CJA students learn to crochet calmly

By Lesley Machon 

(AJNews) – Grades 6-9 students at the Calgary Jewish Academy are learning terms such as yarn over, turning chain, and single stitch as they practice a new set of skills. In an effort to connect their collective cultural traditions to a personal sense of well-being in the world, Jewish students are bringing textile art out of Bubbe’s lap, and into their own hands.

As they work the rows of each emerging creation, their brains build stronger connections between left and right hemispheres. Crocheting creates new neural pathways, and is associated with improved social-emotional skills, the ability to down-regulate from agitated states, and the management of ADHD symptoms by improving focus. Overall, studies on this topic have shown intriguing positive correlations between states of calm and time spent crocheting. Some of these benefits are being experienced by students right now, in their very own classroom at the CJA.

Jodi Eichler-Levine, Jewish professor and professional knitter, speaks about the way that creating something with your hands “can be understood as a religious practice and have an intimate connection to religious identity.” To Echler-Levine, craft traditions are an important part of what it means to help maintain Jewish ways across the generations.

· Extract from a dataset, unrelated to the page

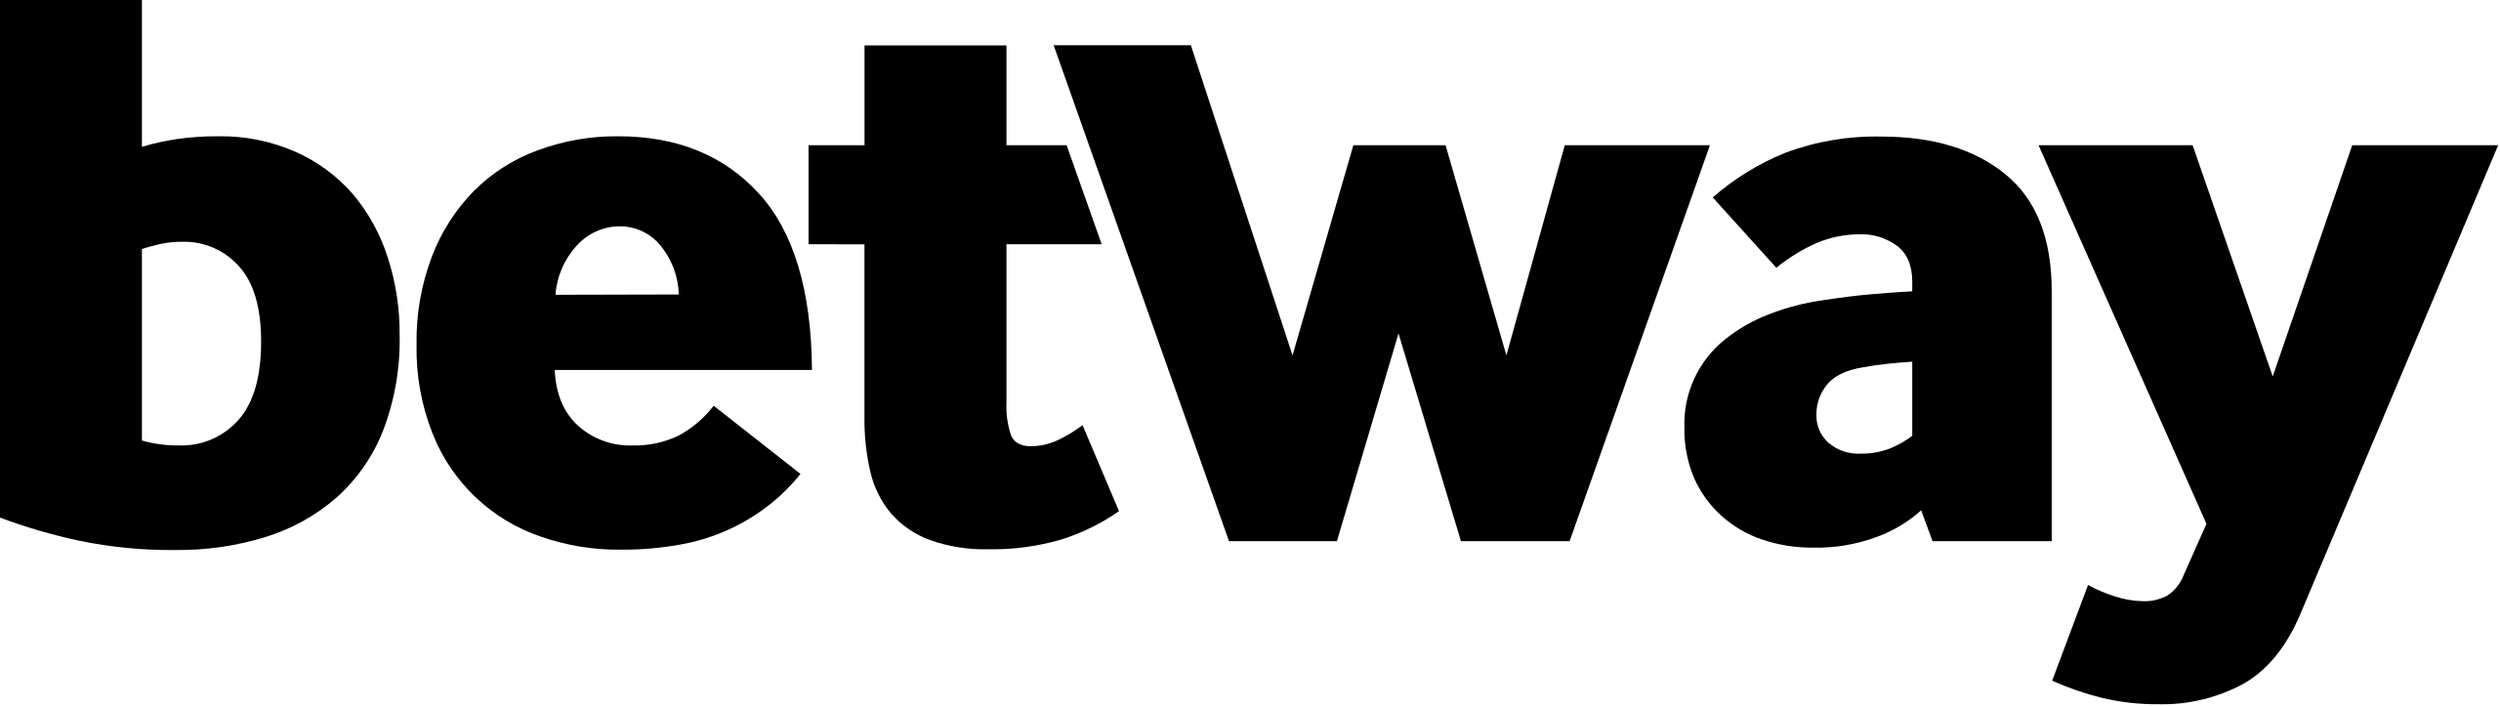 Betway_Logo_(black).svg.png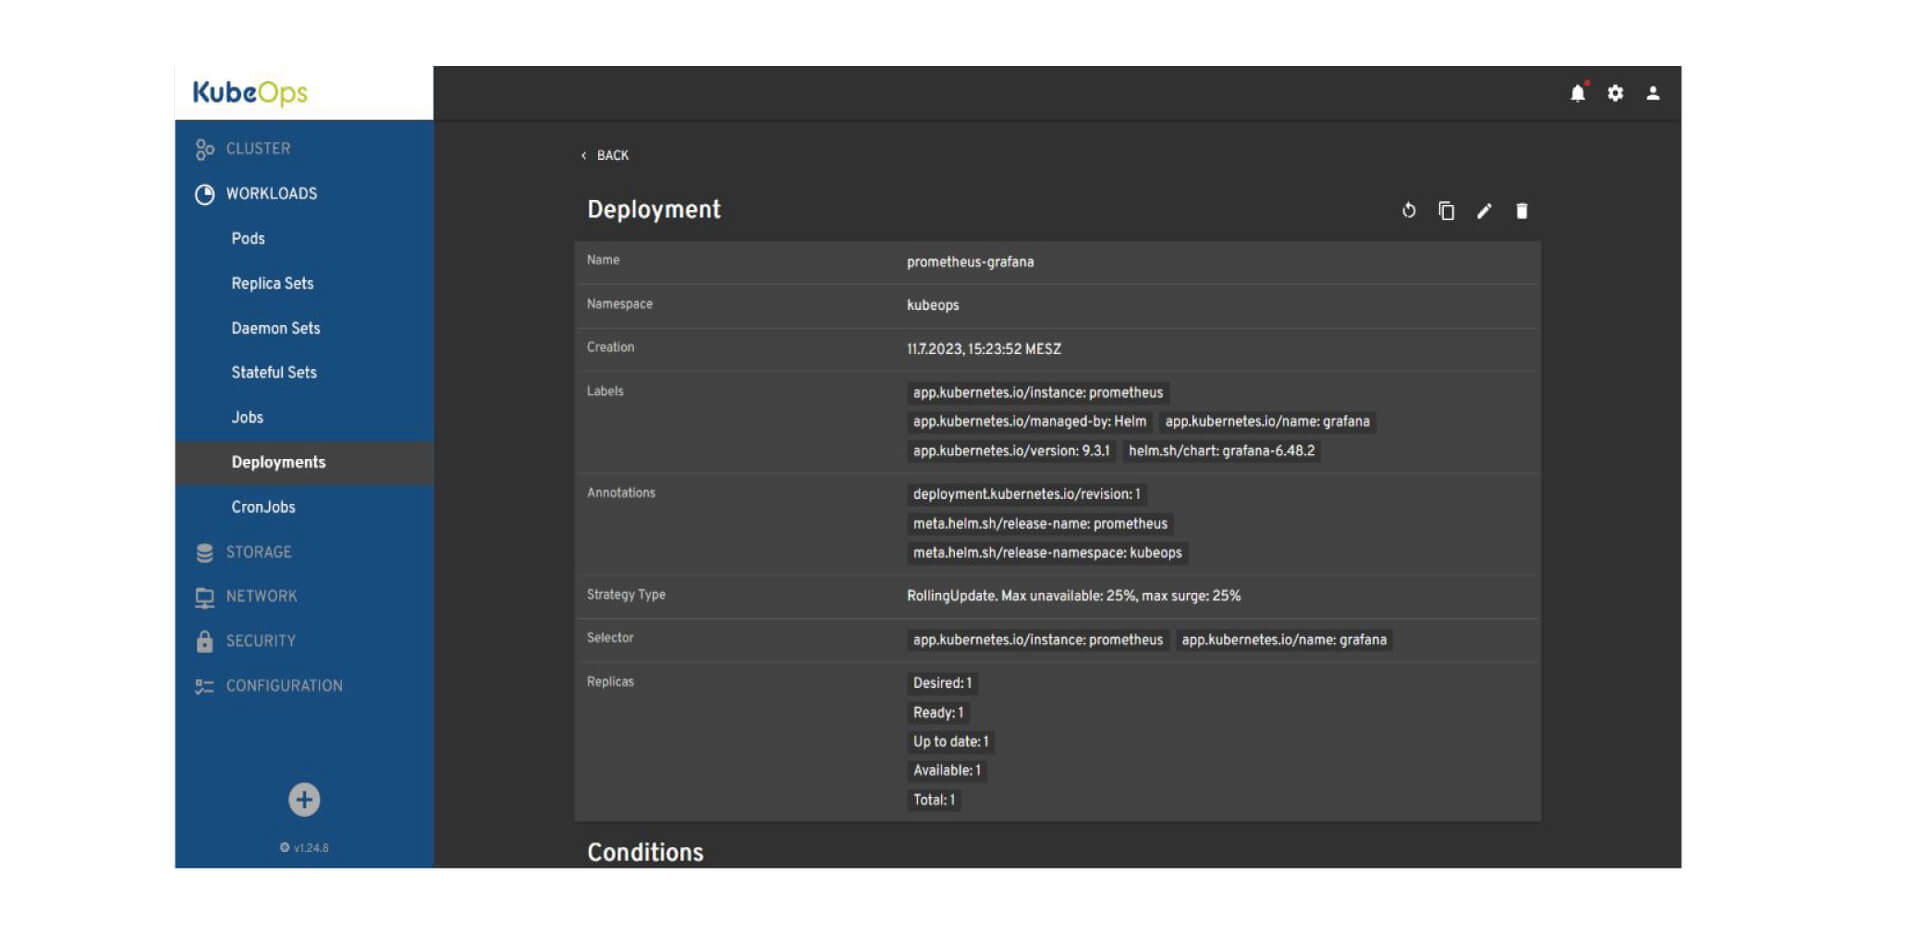 Das Bild zeigt eine Benutzeroberfläche des KubeOps-Dashboards, die Details einer Bereitstellung mit dem Namen

The art of crochet originated in the 1800’s and was used by many of our ancestors to improve their sense of shalom within the kehilah and their own neshamot. Working with fabric to calm the mind is something crochet artists discovered long before tech or apps. Completing each row provides a sense of accomplishment similar to the satisfaction of levelling up in a video game, but without using screens.

Boys and girls alike signed up for this class, so crocheting is no longer just for elders. Young Jewish teens have taken an age-old hobby and turned it into an opportunity to connect, relax, re-centre, and make things like dishcloths (and maybe eventually, kippot!). Each​ completed row connects to the timeless nature of textile art in Jewish culture – l’dor v’dor.

Lesley Machon is a humanities teacher at Calgary Jewish Academy.